Comment by pmayrgundter

4 years ago

I didn't get the idea of ranking. But it's simple:

"In statistics, ranking is the data transformation in which numerical or ordinal values are replaced by their rank when the data are sorted. For example, the numerical data 3.4, 5.1, 2.6, 7.3 are observed, the ranks of these data items would be 2, 3, 1 and 4 respectively. For example, the ordinal data hot, cold, warm would be replaced by 3, 1, 2."

https://en.m.wikipedia.org/wiki/Ranking

Also learned that a Spearman coeff is just the Pearson coefficient taken on the rank of the data, instead of on the raw data.

But whereas Pearson/Spearman takes the sum of product of data/mean differences (Σ(x-x̄)(y-ȳ)/σxσy) where x̄ is mean and σ=std. dev., Chatterjee takes sum of rank differences (3Σ(rᵢ₊₁-rᵢ)/n²-1), concerning just the ranks of the Y data after the X,Y pairs have been sorted by X.
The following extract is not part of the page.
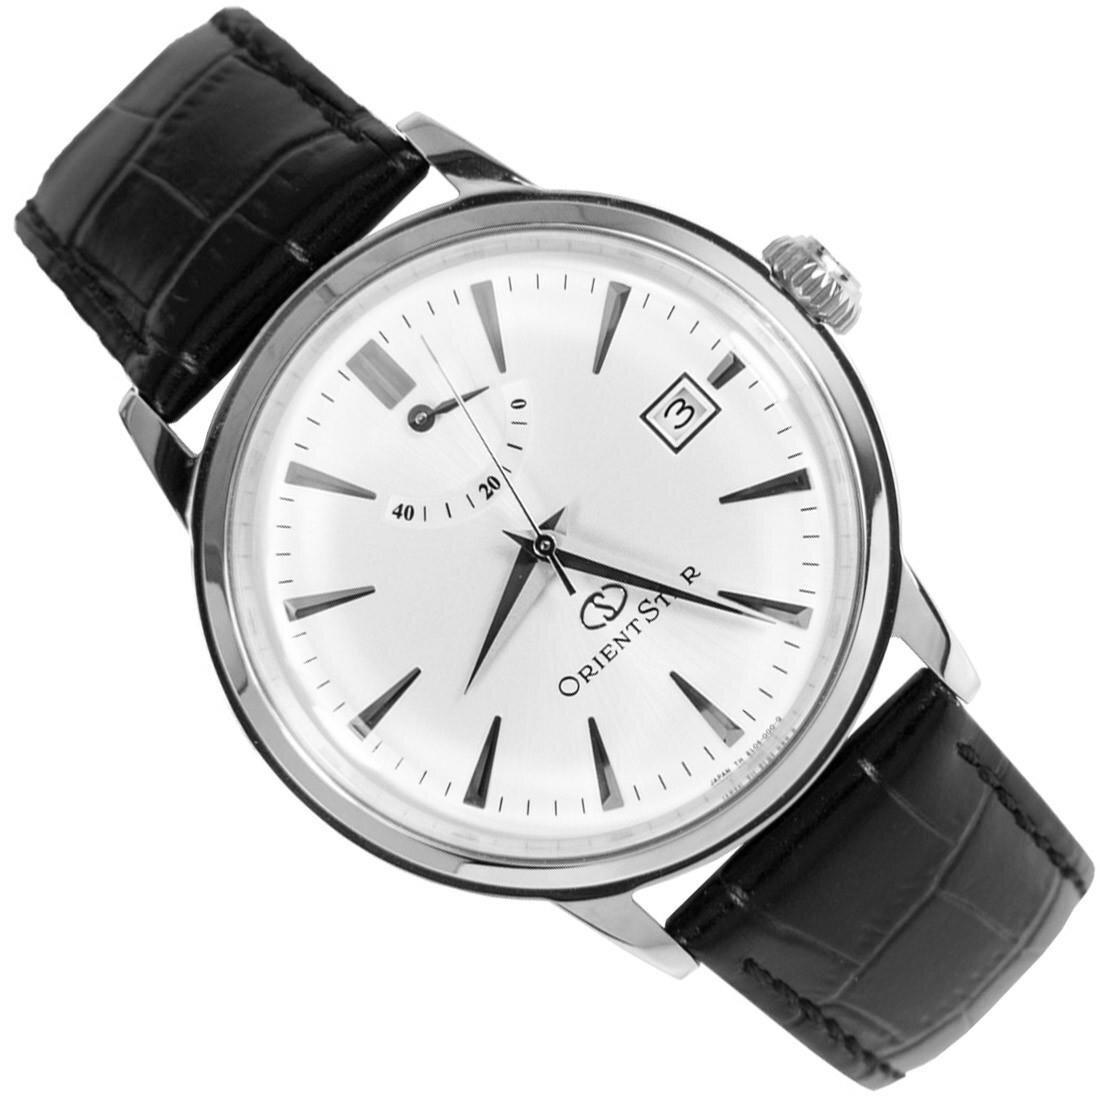 Đồng hồ nam Orient Star SEL05004W0

But still missing the intuition for why the sum of difference of ranks is so useful or where the magic numbers come from.

2 comments

pmayrgundter

cornel_io 4 years ago

jmount has an explanation elsewhere in this thread linking to https://win-vector.com/2021/12/26/how-to-read-sourav-chatter... which does a great job of explaining the intuition, but in a nutshell the normalization factor of 3 comes from the fact that if you select two random points between 0 and 1, the mean distance between will be 1/3 (which is pretty easy to write down and solve, boils down the the fact that a pyramid of height 1 that's 1x1 at the base has volume = 1/3).

pmayrgundter 4 years ago

Thanks! That did it